[The task] Return the full listing unchanged, excluding any images it contains.

---------- Material to process ----------

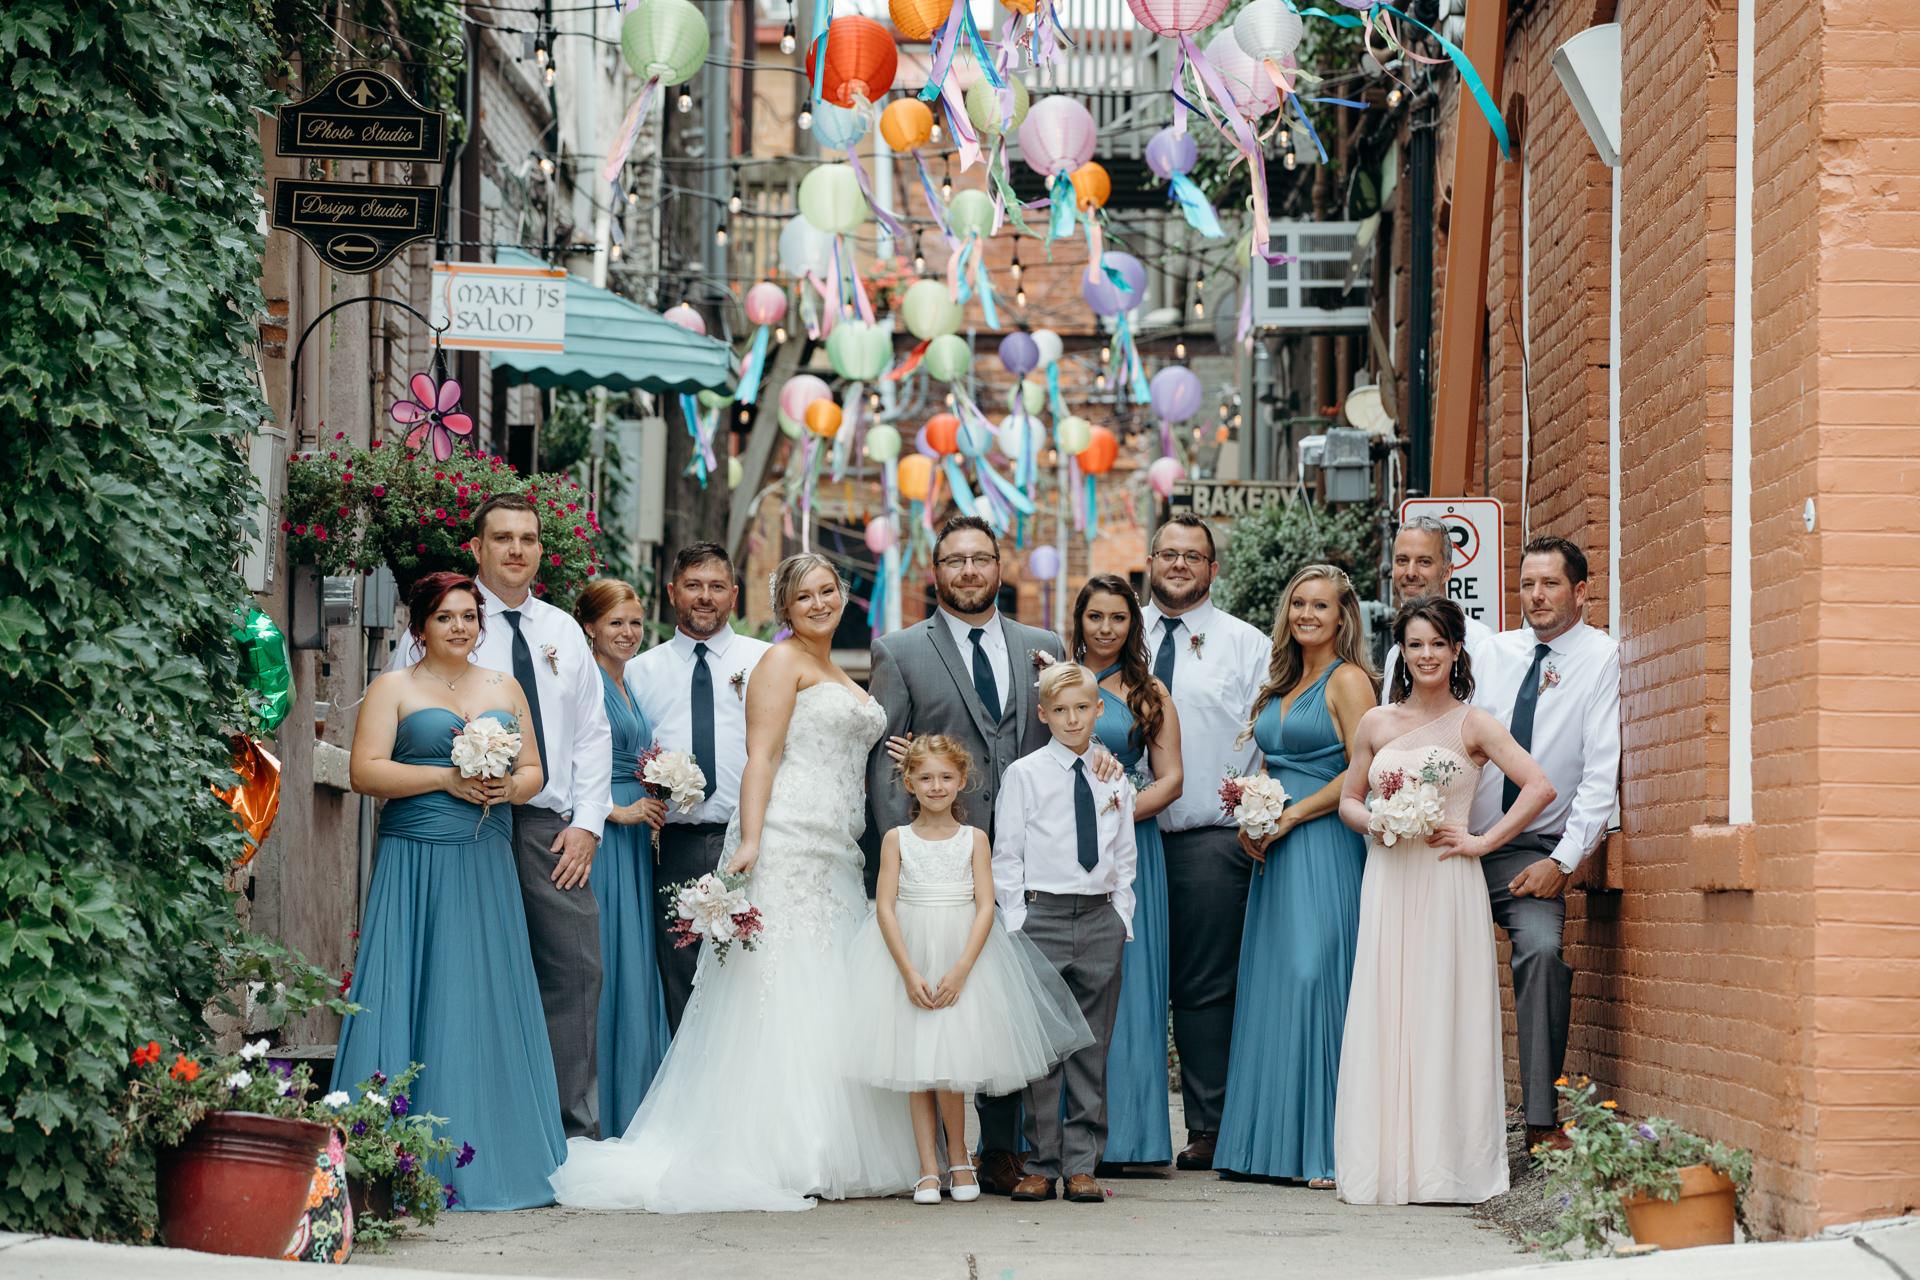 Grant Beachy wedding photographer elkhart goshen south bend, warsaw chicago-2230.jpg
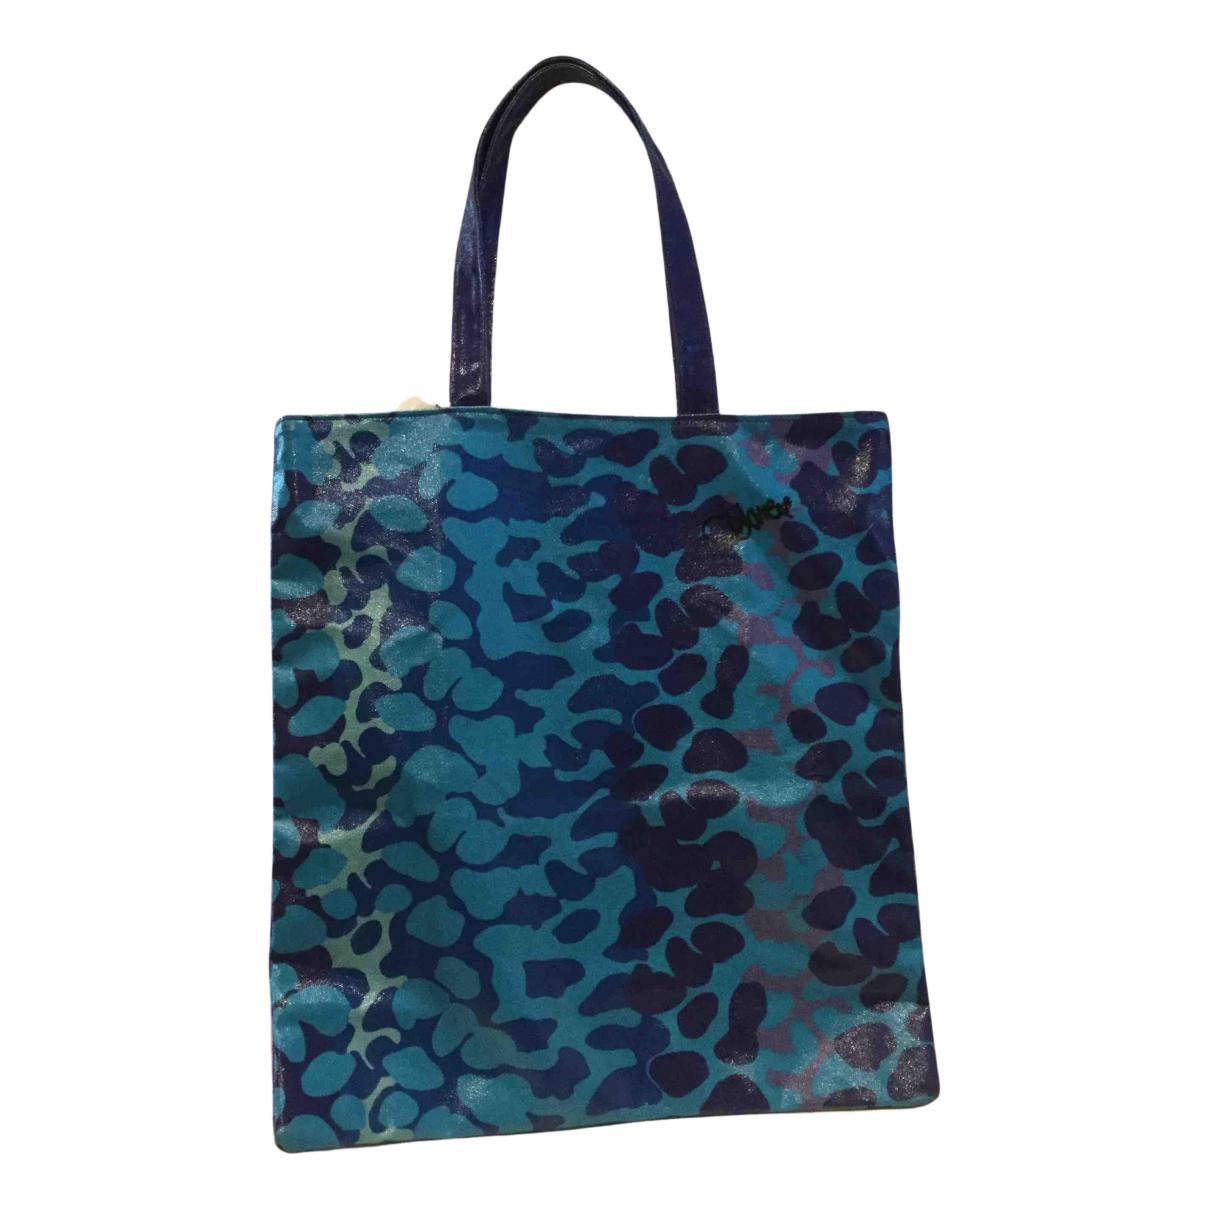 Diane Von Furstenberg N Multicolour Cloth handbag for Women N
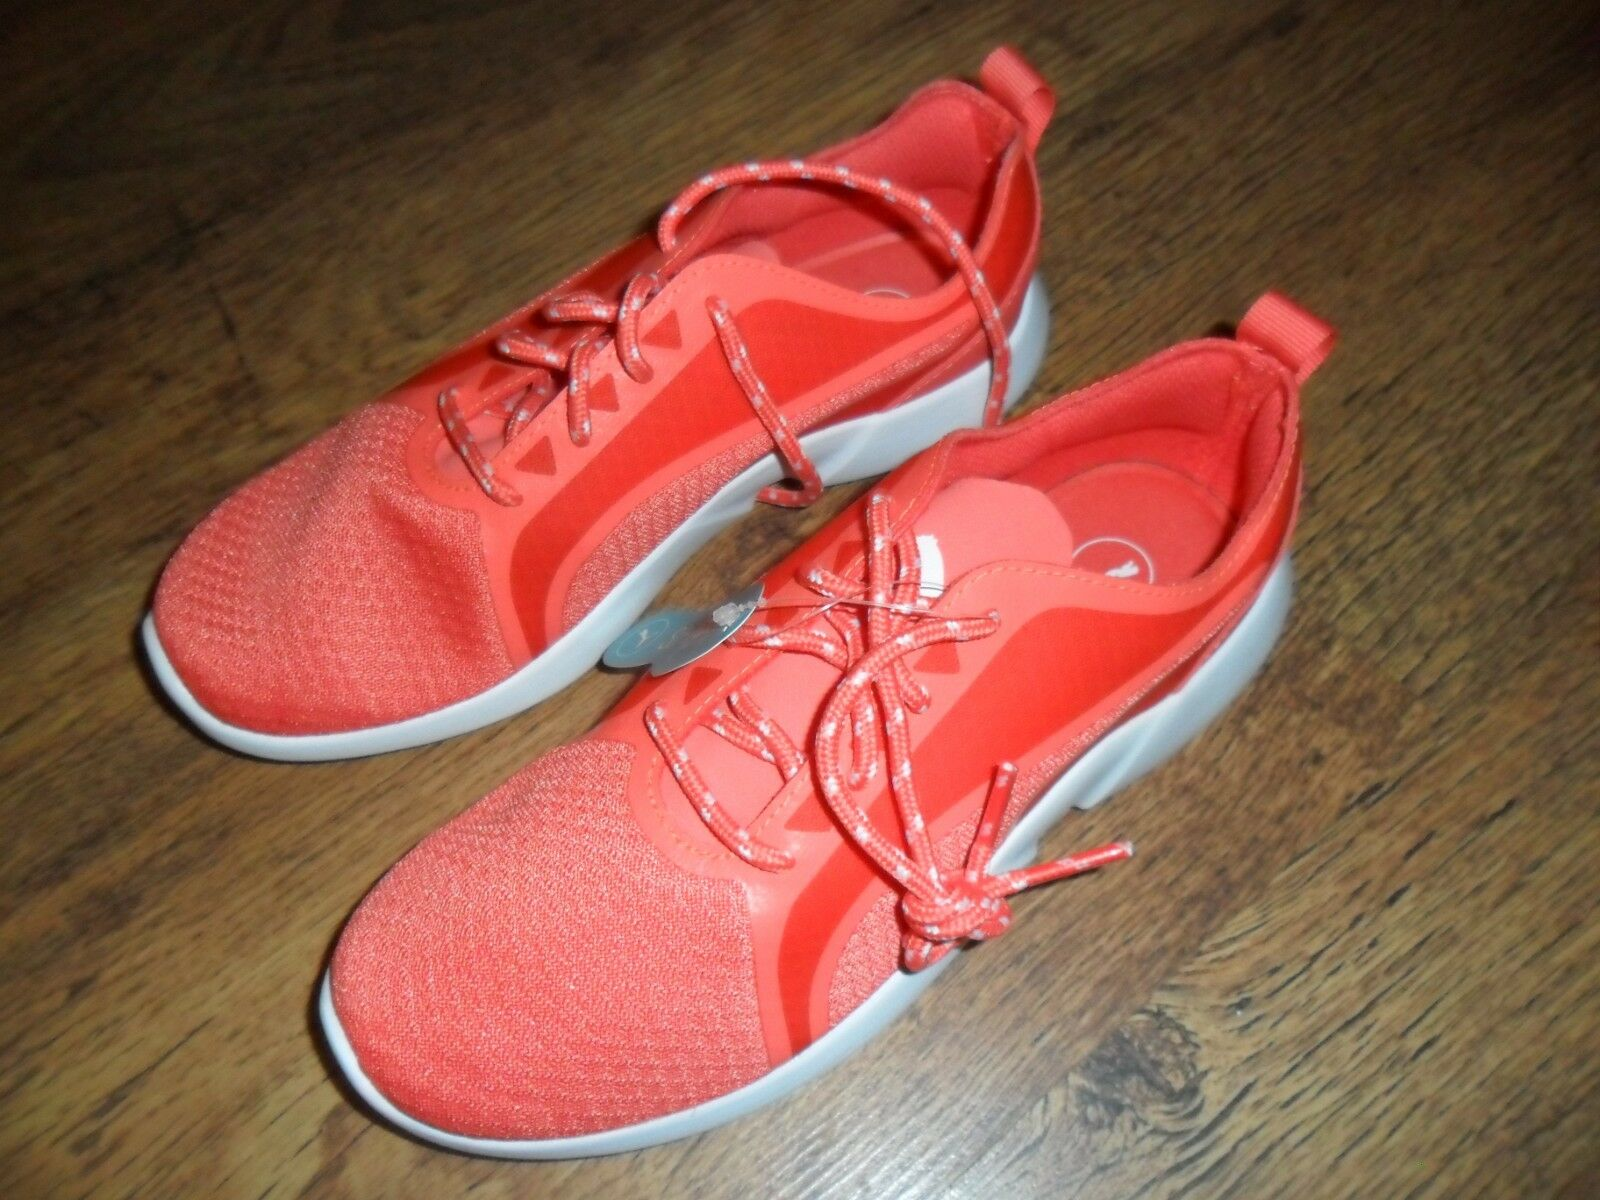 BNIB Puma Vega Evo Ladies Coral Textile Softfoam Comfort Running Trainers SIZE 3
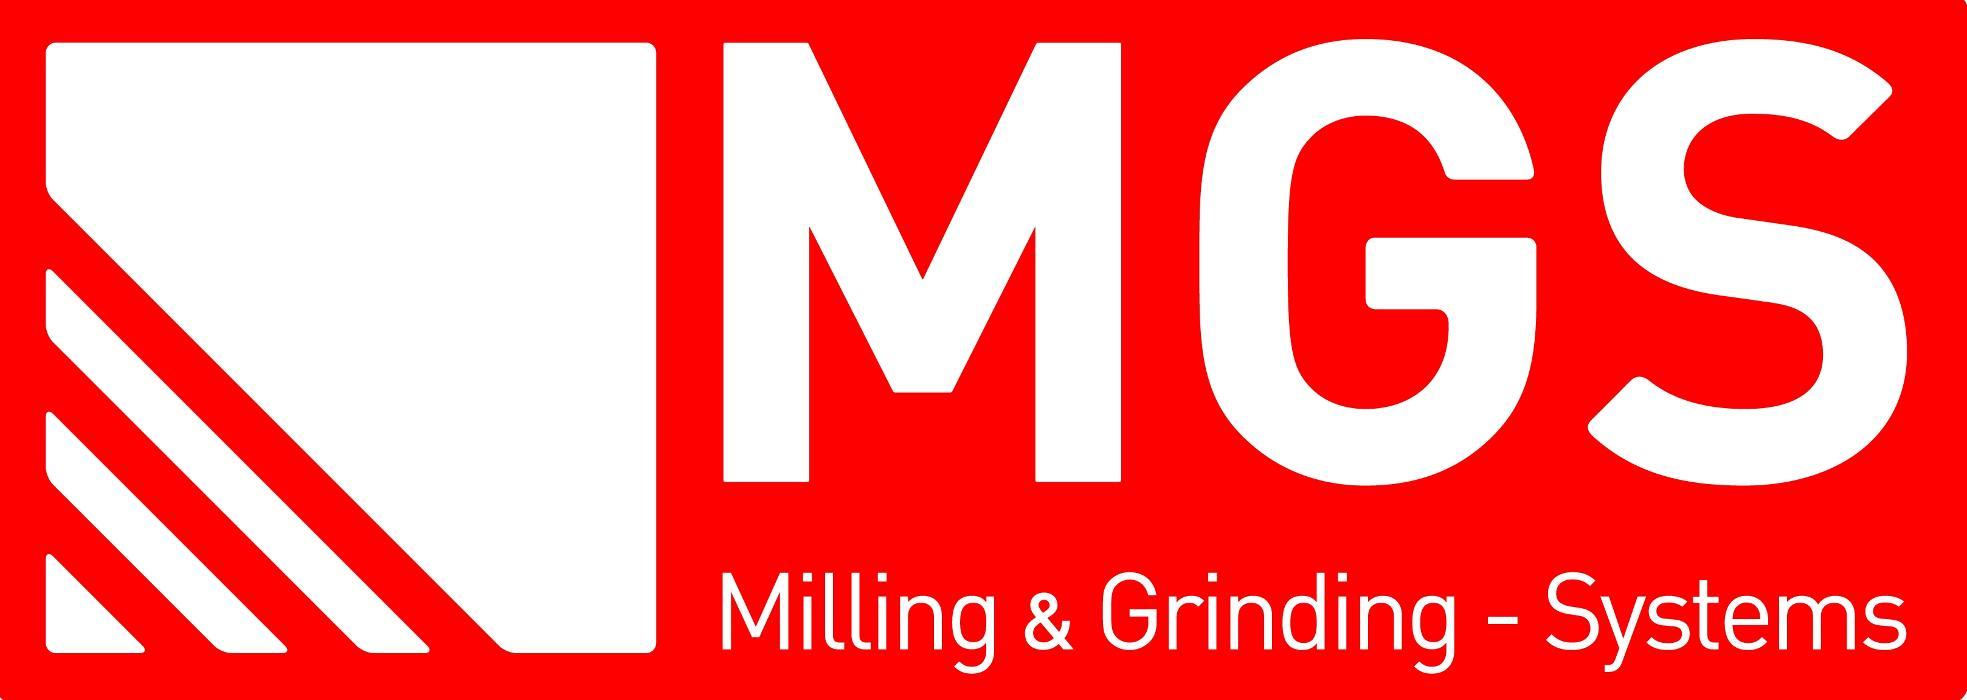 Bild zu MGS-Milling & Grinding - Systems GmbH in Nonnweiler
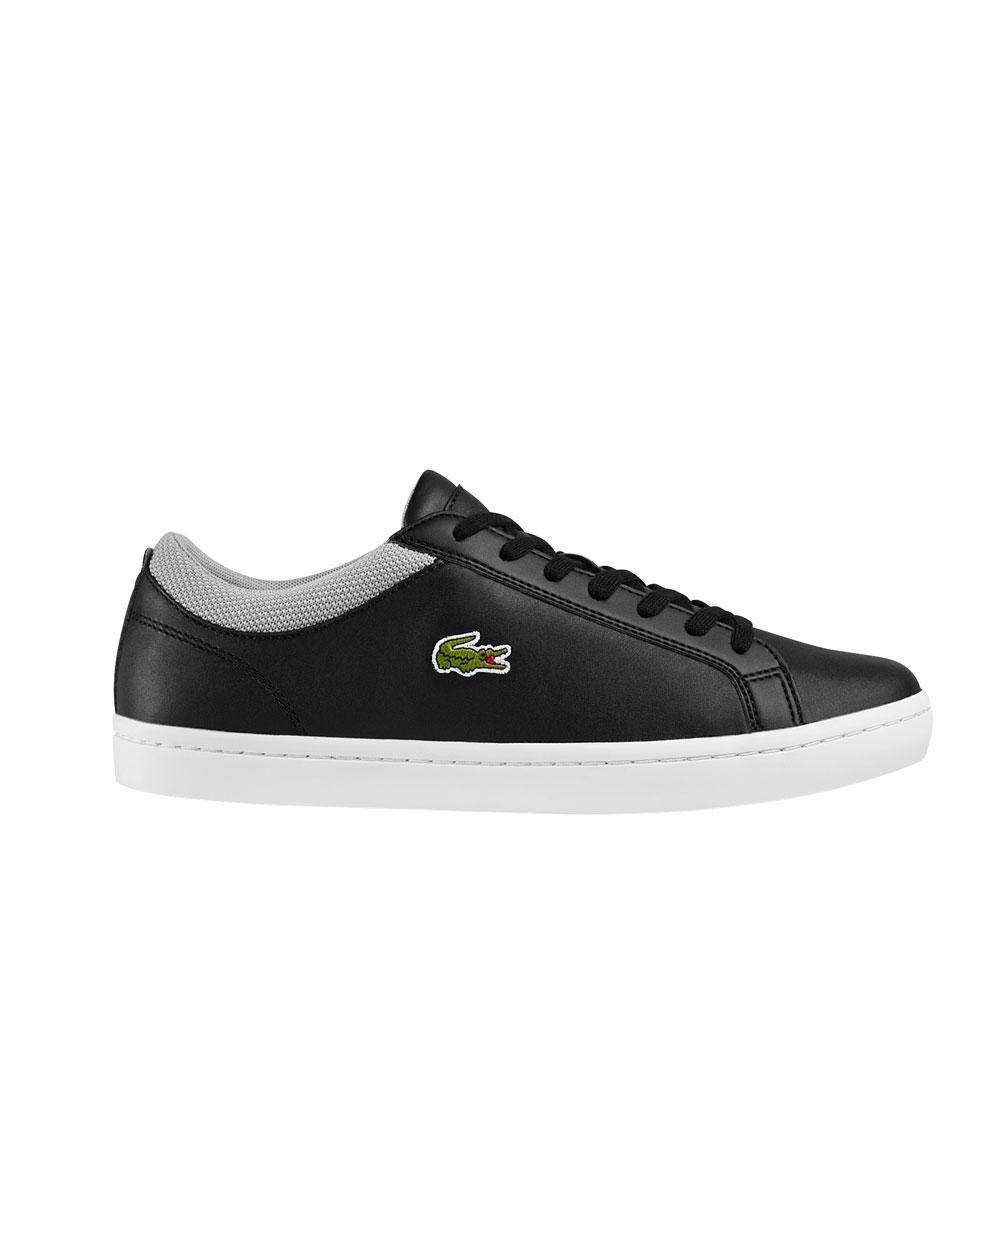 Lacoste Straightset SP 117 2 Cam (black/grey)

----------

[Response to this task]
 Grant Beachy wedding photographer elkhart goshen south bend, warsaw chicago-2230.jpg
 Diane Von Furstenberg N Multicolour Cloth handbag for Women N
 BNIB Puma Vega Evo Ladies Coral Textile Softfoam Comfort Running Trainers SIZE 3
 Bild zu MGS-Milling & Grinding - Systems GmbH in Nonnweiler
 Lacoste Straightset SP 117 2 Cam (black/grey)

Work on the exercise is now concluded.